Description
This postdoctoral research is conducted within the Laboratory of Computer Science, Modeling and Optimization of Systems (LIMOS) and falls within one of its research themes, Data, Services and Intelligence (DSI), in close alignment with the activities of the Department of Mathematical and Industrial Engineering. It focuses on the optimization of quality control processes in medical textile manufacturing through the analysis of large-scale, heterogeneous industrial data generated by increasingly digitalized production systems. The project is carried out in collaboration with the company Thuasne and the École des Mines de Saint-Étienne, within the Institut Henri Fayol.
The main objective of the project is the identification of anomalies and their root causes in order to better understand performance deviations, defect propagation across production stages, and interactions that influence the final quality of medical devices. By addressing defects such as appearance flaws and dimensional nonconformities, this work seeks to reduce losses related to non-quality, including waste of finished products, chemicals, and water, while improving the efficiency of quality control procedures and reducing the environmental impact of manufacturing processes, in line with sustainable development principles.

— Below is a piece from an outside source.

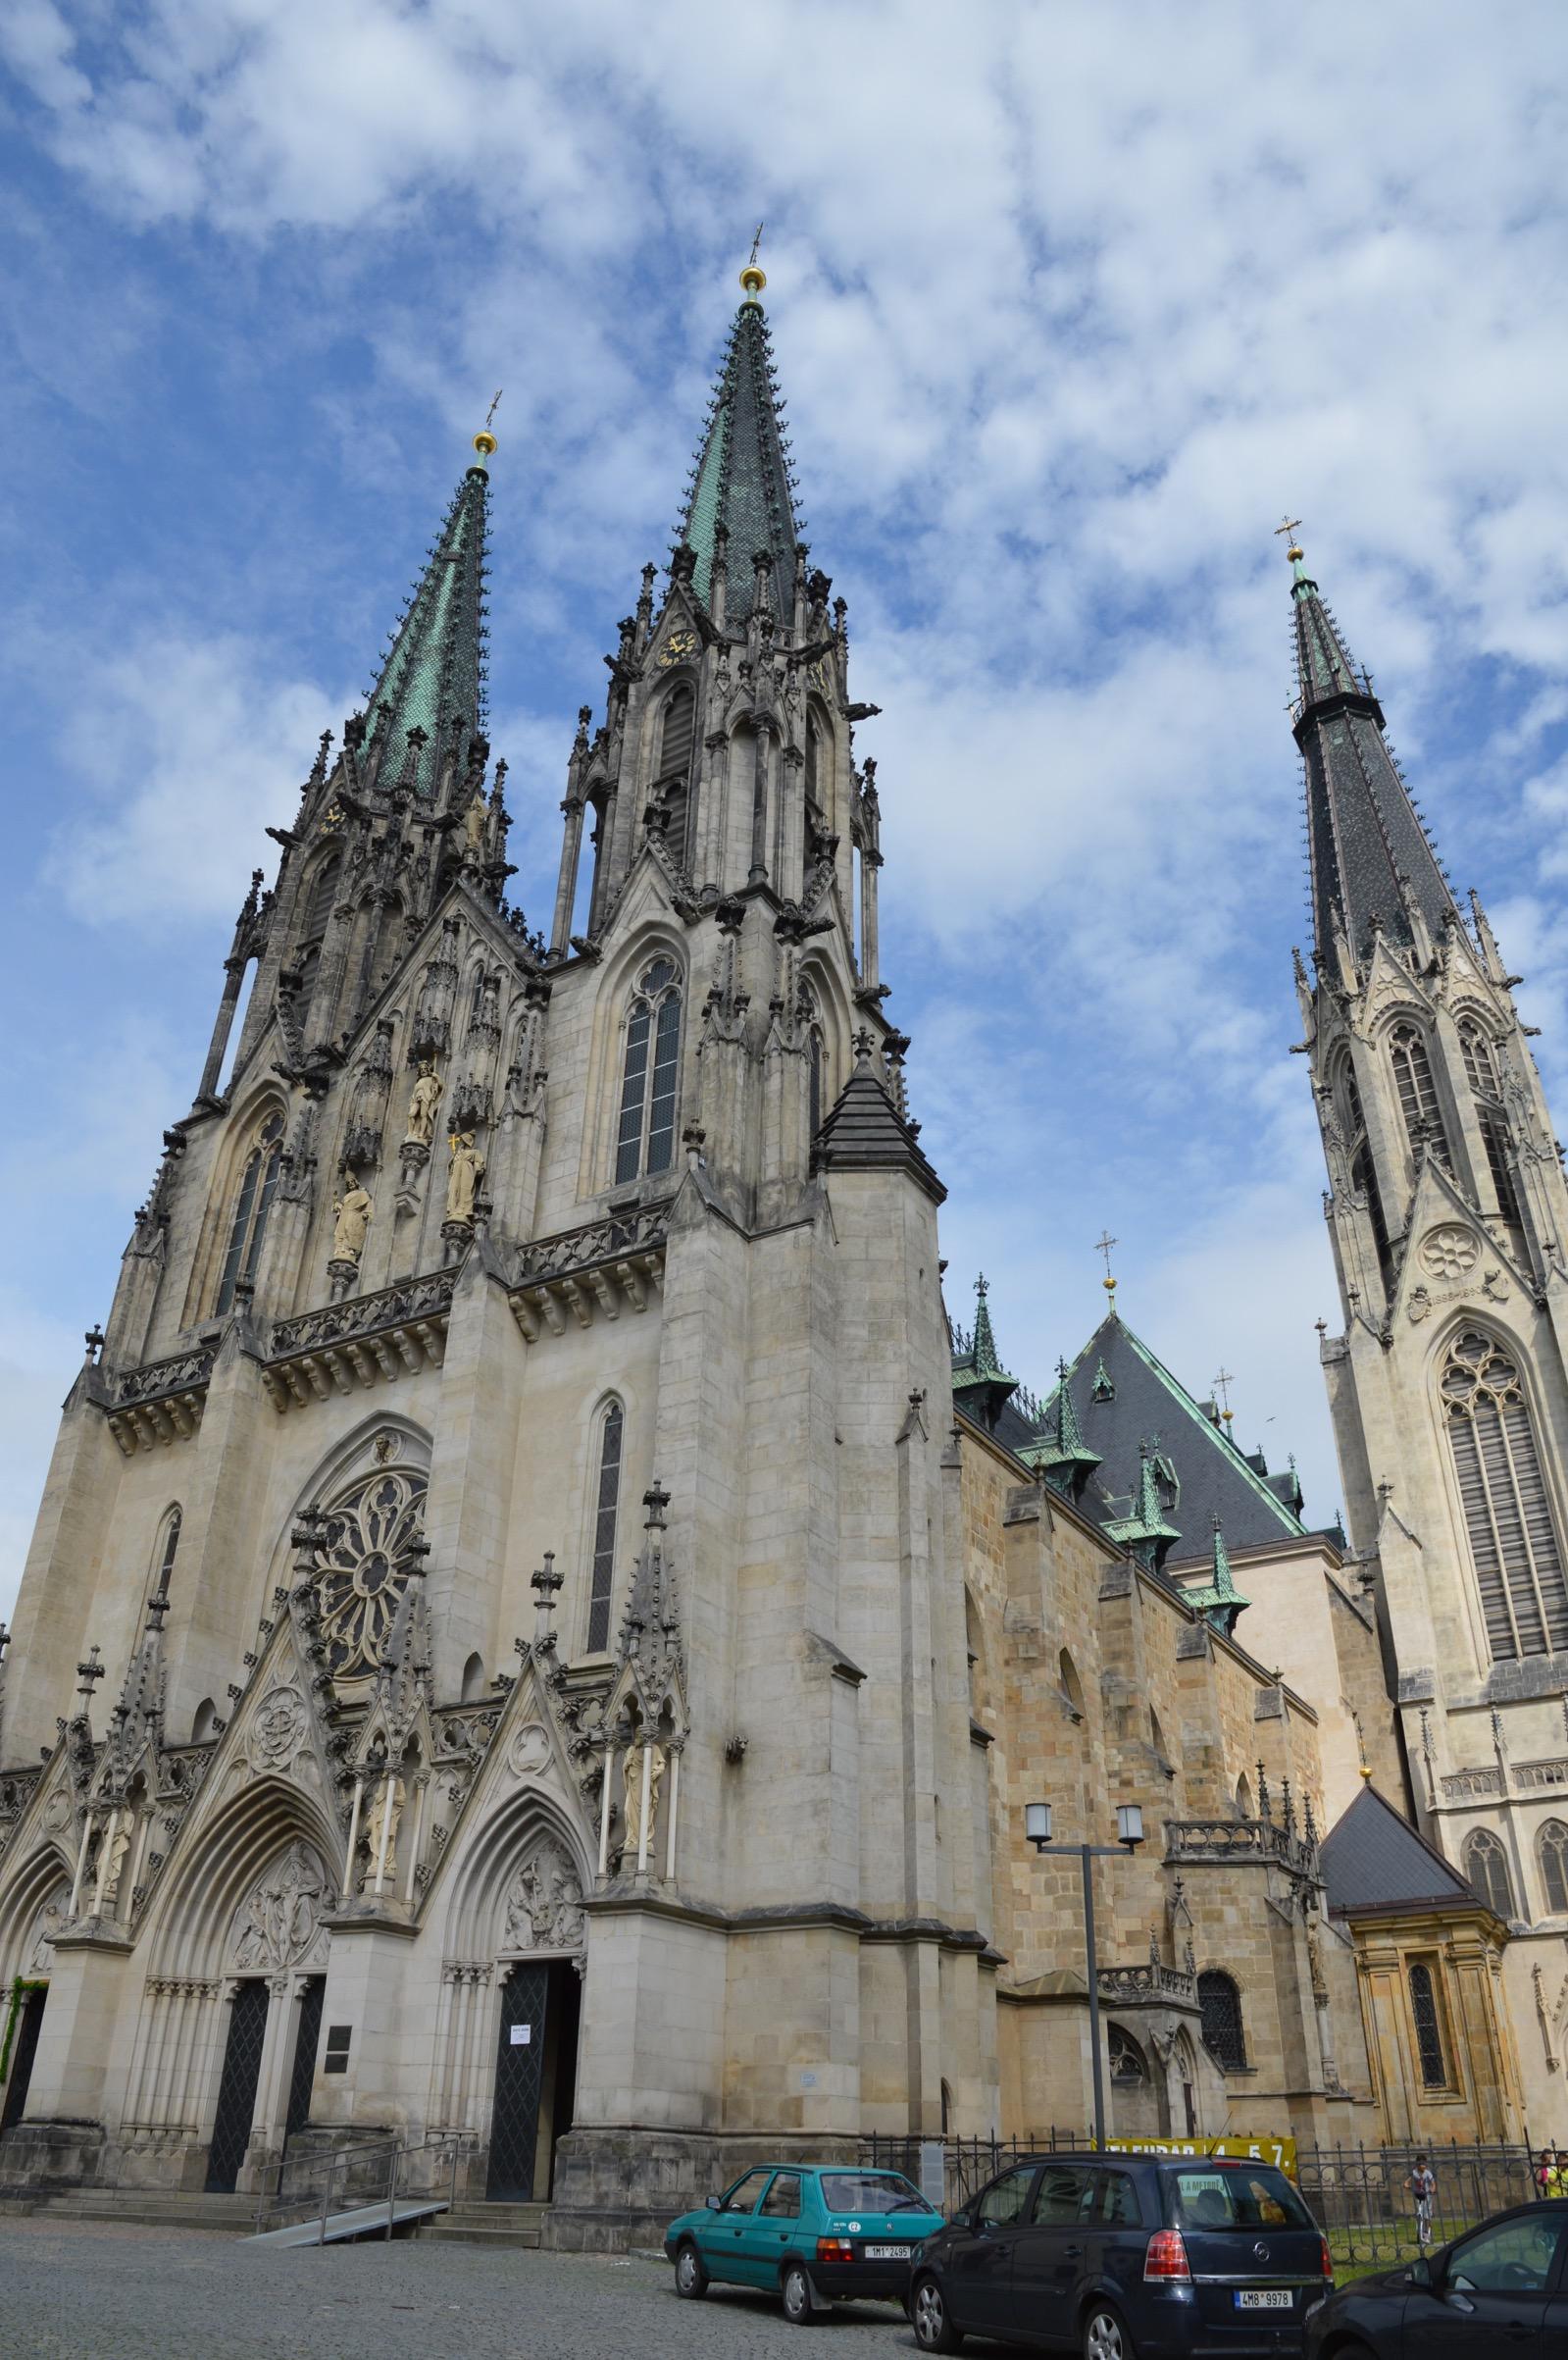 St Wenceslas' Cathedral, Olomouc, Czech Republic

The first results obtained in this work correspond to an initial phase of the project, following the collection and analysis of a subset of the available production data. This preliminary study is based on annual production data from circular knitting machines used to manufacture compression socks for the treatment of chronic venous insufficiency. From indicators such as defect rate, machine event rate, and defect rate per event, a quadrant-based analysis was developed to provide an initial classification of machine performance and risk levels. This intuitive approach offers a first, interpretable framework for anomaly detection and establishes the foundation for more comprehensive analyses as additional data are progressively integrated.
To further enhance this initial analysis, multivariate data analysis techniques were applied. Principal Component Analysis (PCA) captured more than 96% of the total variance, revealing latent structures related to operational load and event severity. The combination of PCA with K-means clustering enabled a robust, data-driven classification of machine behavior, clearly isolating anomalous machines while identifying those with stable and near-optimal performance.
The machine classifications and performance indicators will be used to track defect propagation across production stages, to investigate relationships between different quality control processes, and to identify interactions that may contribute to the emergence of specific defects.
Overall, this work represents a first step toward advanced predictive quality control strategies and defect-specific monitoring. It highlights the potential of performance indicators, data-driven modeling, and artificial intelligence approaches to address concrete industrial challenges, while contributing to the digital and sustainable transition of the medical device manufacturing industry.